There are no basketball courts, but there are nonetheless people playing basketball. You see, one of the pieces of equipment is a modified set of monkey bars. Unlike traditional monkey bars – which have two polls running length-wise and single planks connecting those polls – these monkey bars are pretty snazzy. There is a central beam that runs from end to end, and then a series of handles that are formed by intersecting ovals. Those looping ovals forms symmetrical half-circles on either side of the structure, cutting the central bar at consistent intervals.
Right now, though, this monkey bar set isn’t being used for monkey bar purposes. There is no one dangling from the polls. There is no one doing pull-ups. There is no one scurrying from end to end. Instead, there are people playing basketball.
The half-circles formed by the curving piece of metal are about the diameter of a basketball hoop – probably a little tighter. And one boy in particular, Feng Yuan, is using those little hoops as…well, a hoop. He is wearing a Chinese school uniform, which consists of matching jacket and pants. In his case, the get-up is bright red, like the Chinese flag.

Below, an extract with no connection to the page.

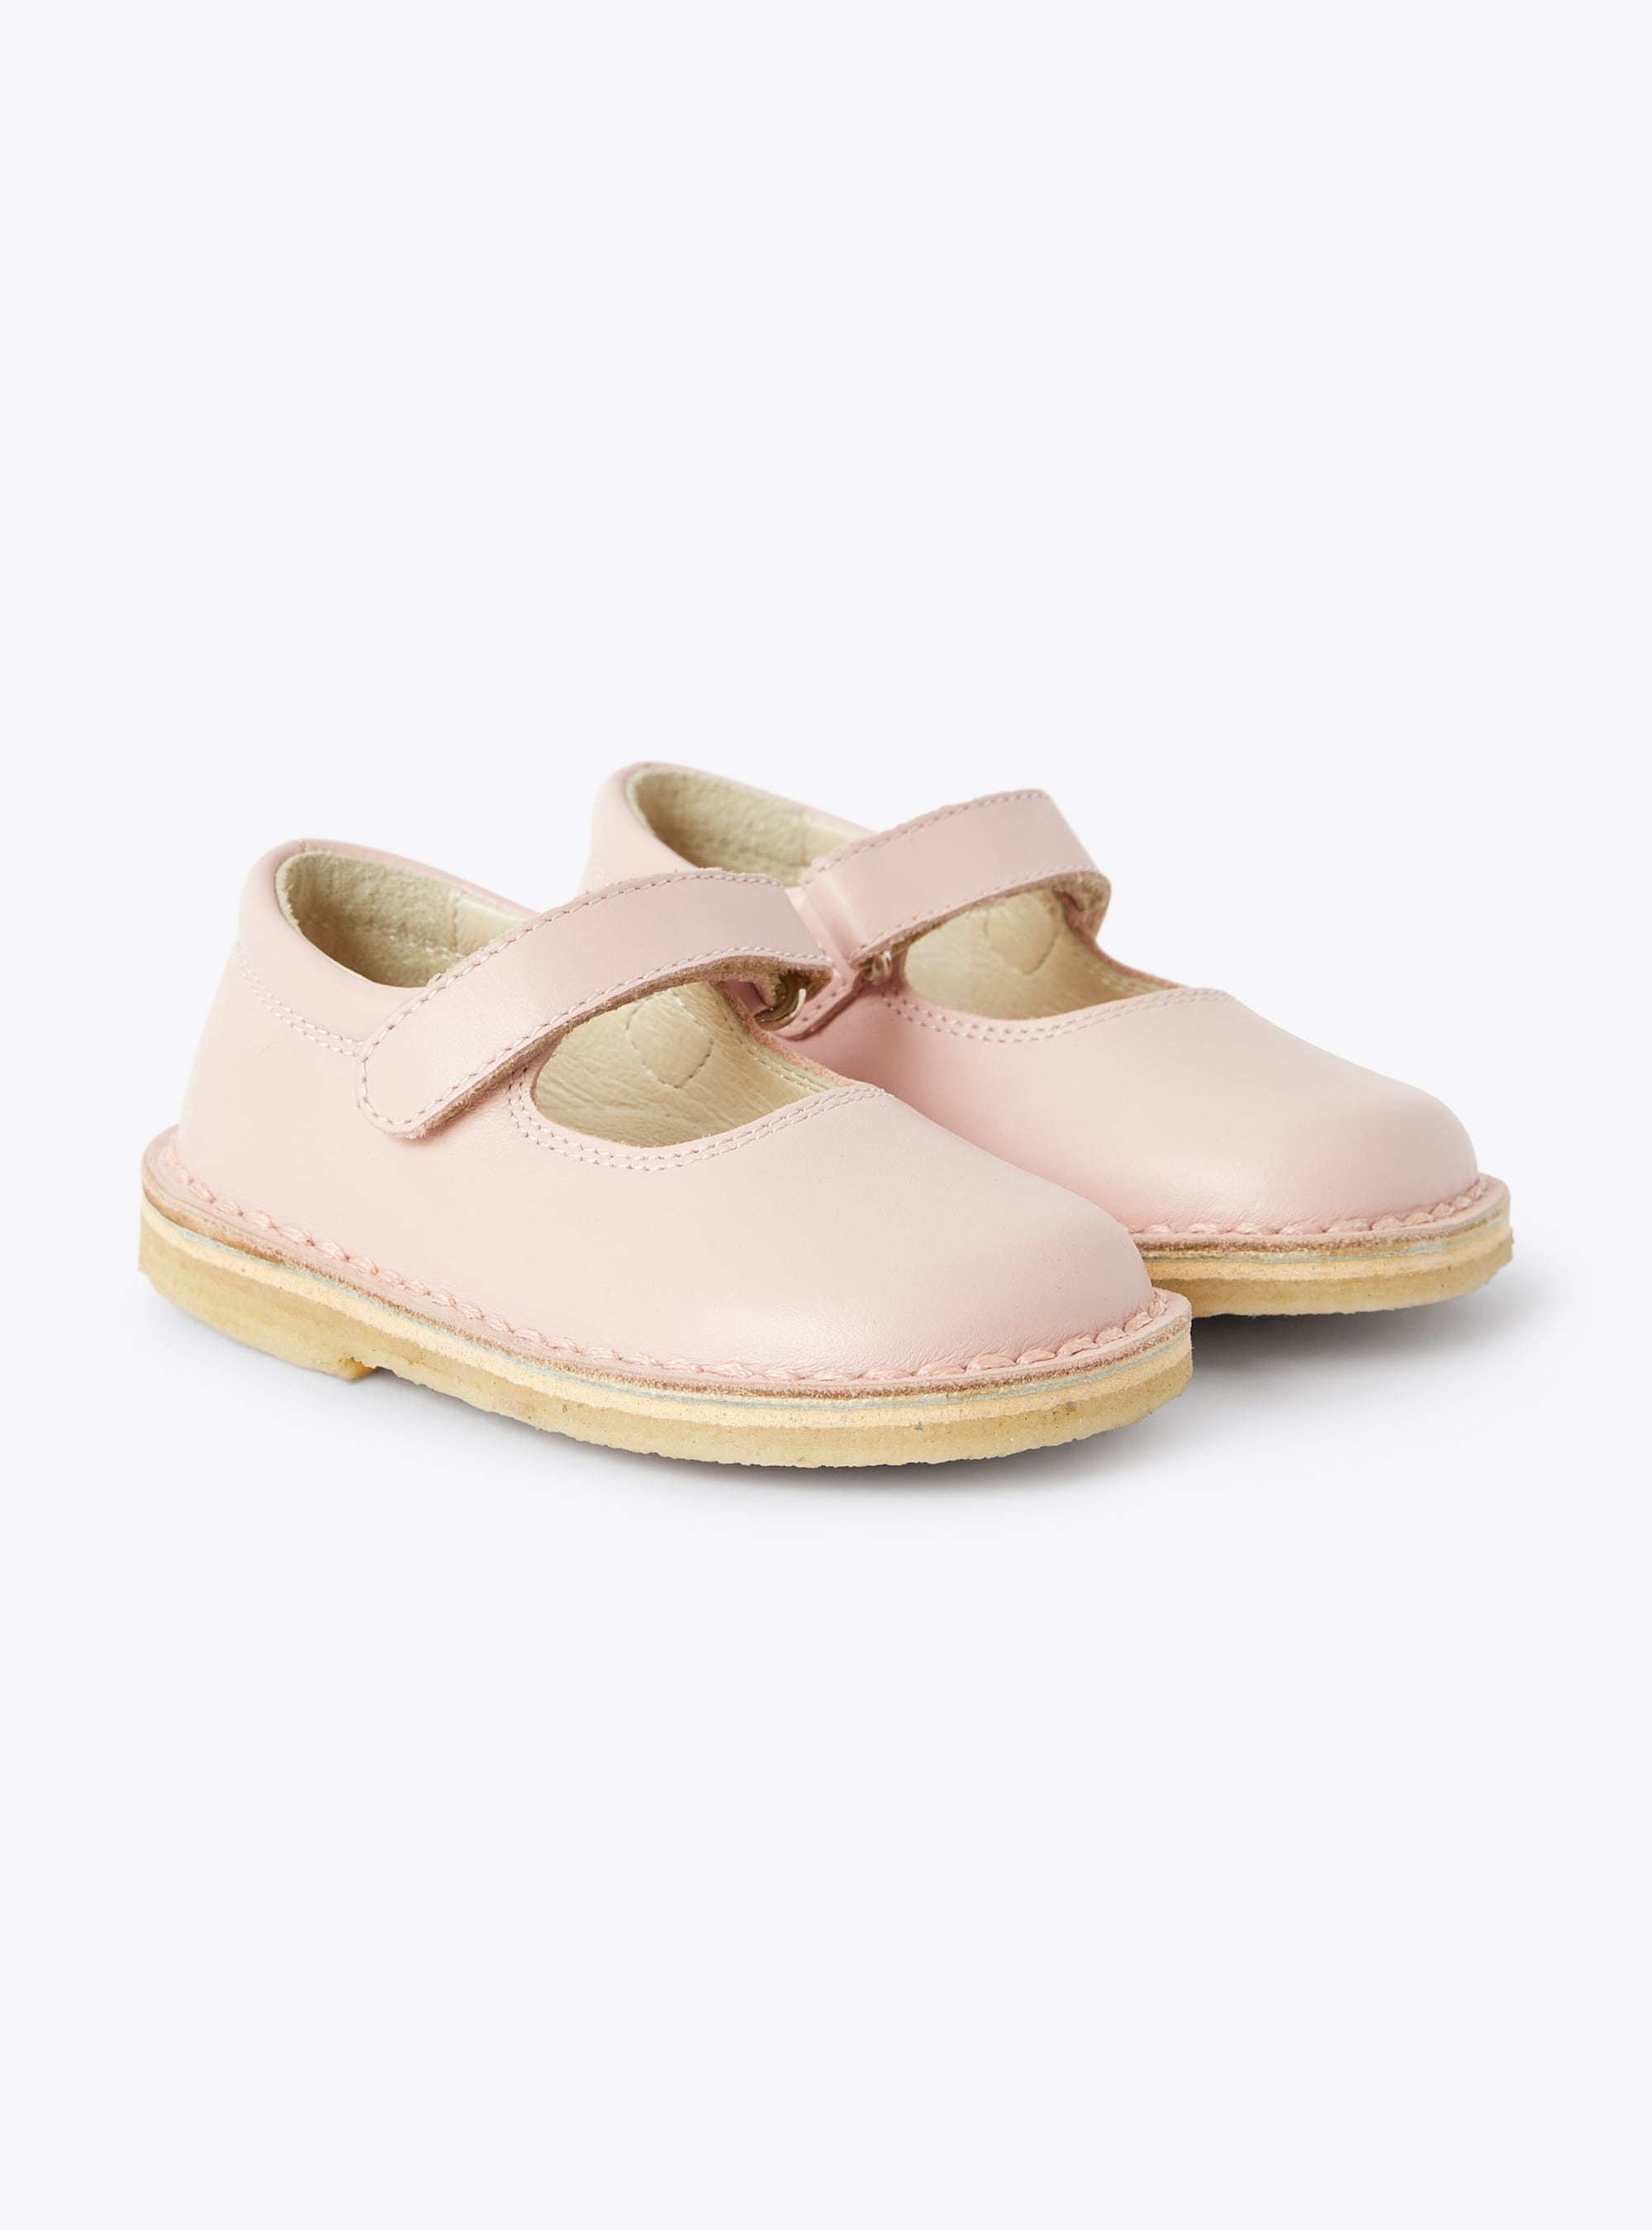 Ballet flat for babies in pink leather - Shoes - Il Gufo
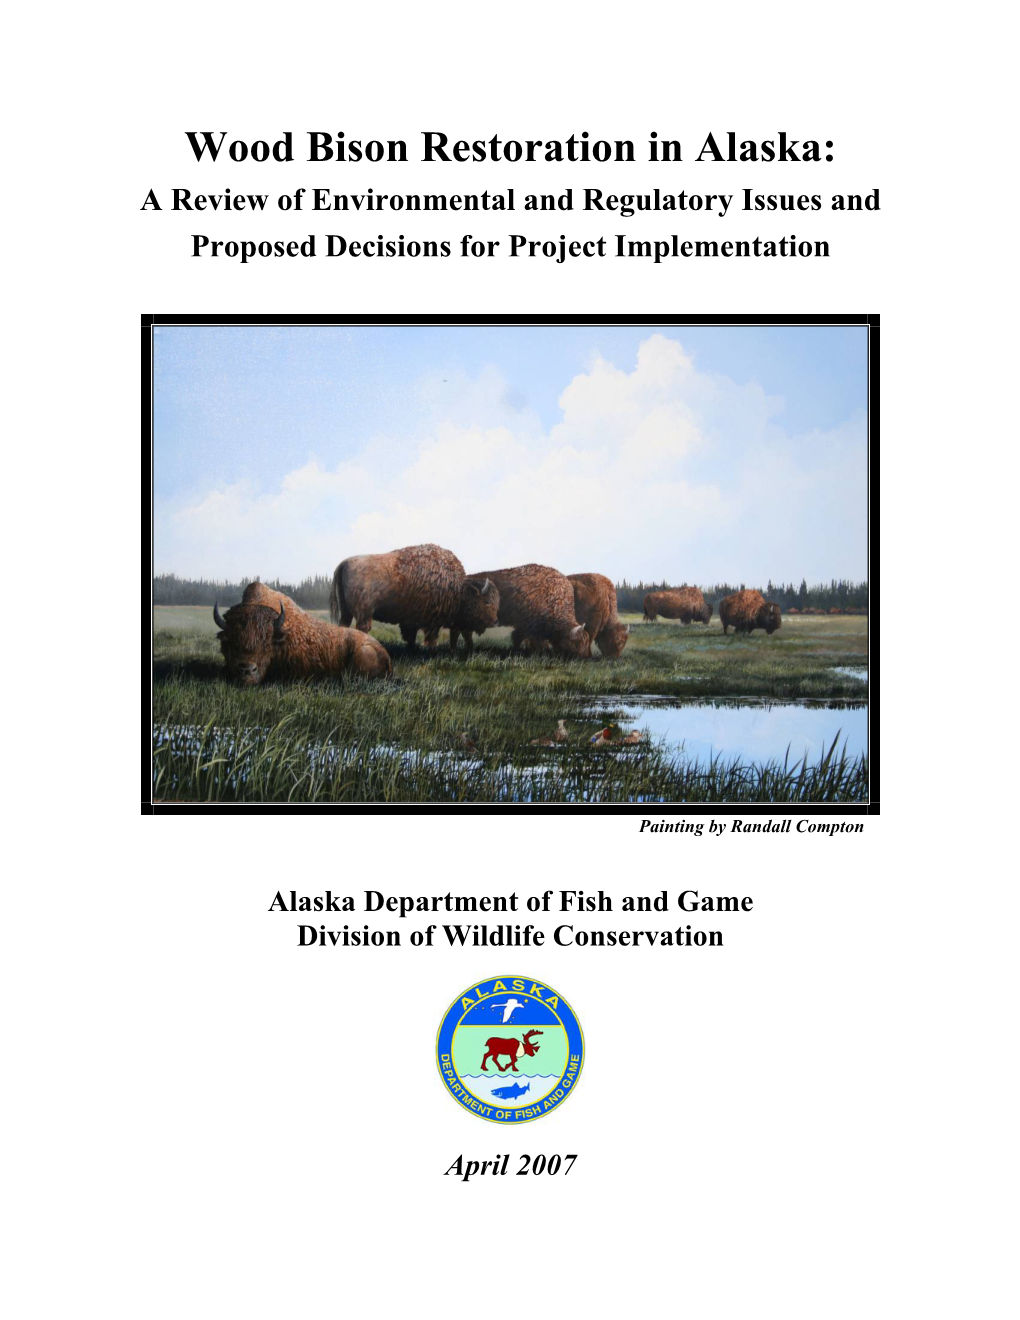 TABLE of CONTENTS Review of Wood Bison Restoration on Yukon

He has glasses and an innocent face. His ball is alternating slices of brown and white.
He stands a few feet back and lofts shots at the monkey bars, which are about six-and-a-half feet off the ground. The rim is utterly unforgiving, and since the hole is small to begin with, this complicates getting the ball through the hoops. But Feng Yuan keeps shooting and shooting. Sometimes the ball pops off the monkey bars, over the beam, and falls on the other side, where someone will pick it up and shoot it himself. After a few minutes of watching, I become one of these people, snatching loose balls and lofting them at the basket – er, monkey bars.
Every now and then someone will snare a rebound and go in for a huge dunk – which, per the low height of the goal, is very doable. People watch, oo-ing and ah-ing, as though the dunks were being made on a real basket. I try to imitate one of these high-flyers, but I botch the finish and the ball is blasted into the air off the “rim.” My girlfriend, who is on a nearby exercise machine – it’s a sort of rowing device – shouts out “Mae you!!!” Mae you, if you remember from the March 11 discussion of Chinese basketball banter, means “Don’t have.” It is what people sometimes shout when you miss a shot or take a bad one. The Chinese people playing basketball get a kick out of her mockery, laughing with her and at me.
Feng Yuan leaves a minute before we do. Turns out we are going in the same direction, and after a moment we gain enough ground to see him off in the distance. We can tell it’s him by his bright red uniform. That, and the fact that he’s still dribbling. He is walking with a dad-aged man, slowly, like they don’t have anywhere to go.
We hang a left where he had gone straight. As he disappears from sight, he’s still pounding that ball against the ground. He’s been playing basketball for at least the last half-hour, and is still playing. Yet at no point was there a hoop, a sideline, an opponent. Just a boy and his ball. Which, really, is all you need.
I always get a kick out of the things that the Chinese consider "healthful". When I got my wife a gym membership here in the states, I couldn't believe what she was doing in there when I went in one day. She was going through the machines and exercising on all of them with the pin pulled so that they had no weight. I immediately thought of all those useless exercise stations and all the Tai Chi.
ReplyDeleteI dunno, I guess no pain no gain has been drilled into my American psyche, but I see no benefit in "circulating the blood". I can do that sitting on the couch while watching a ball game and eating a bag of chips. Its one of those Chineseisms that I refuse to buy into. 2,000 years of blah blah blah or not.
When I first saw those exercise stations, I thought they had been shipped over after some wacky Japanese game show was done with them.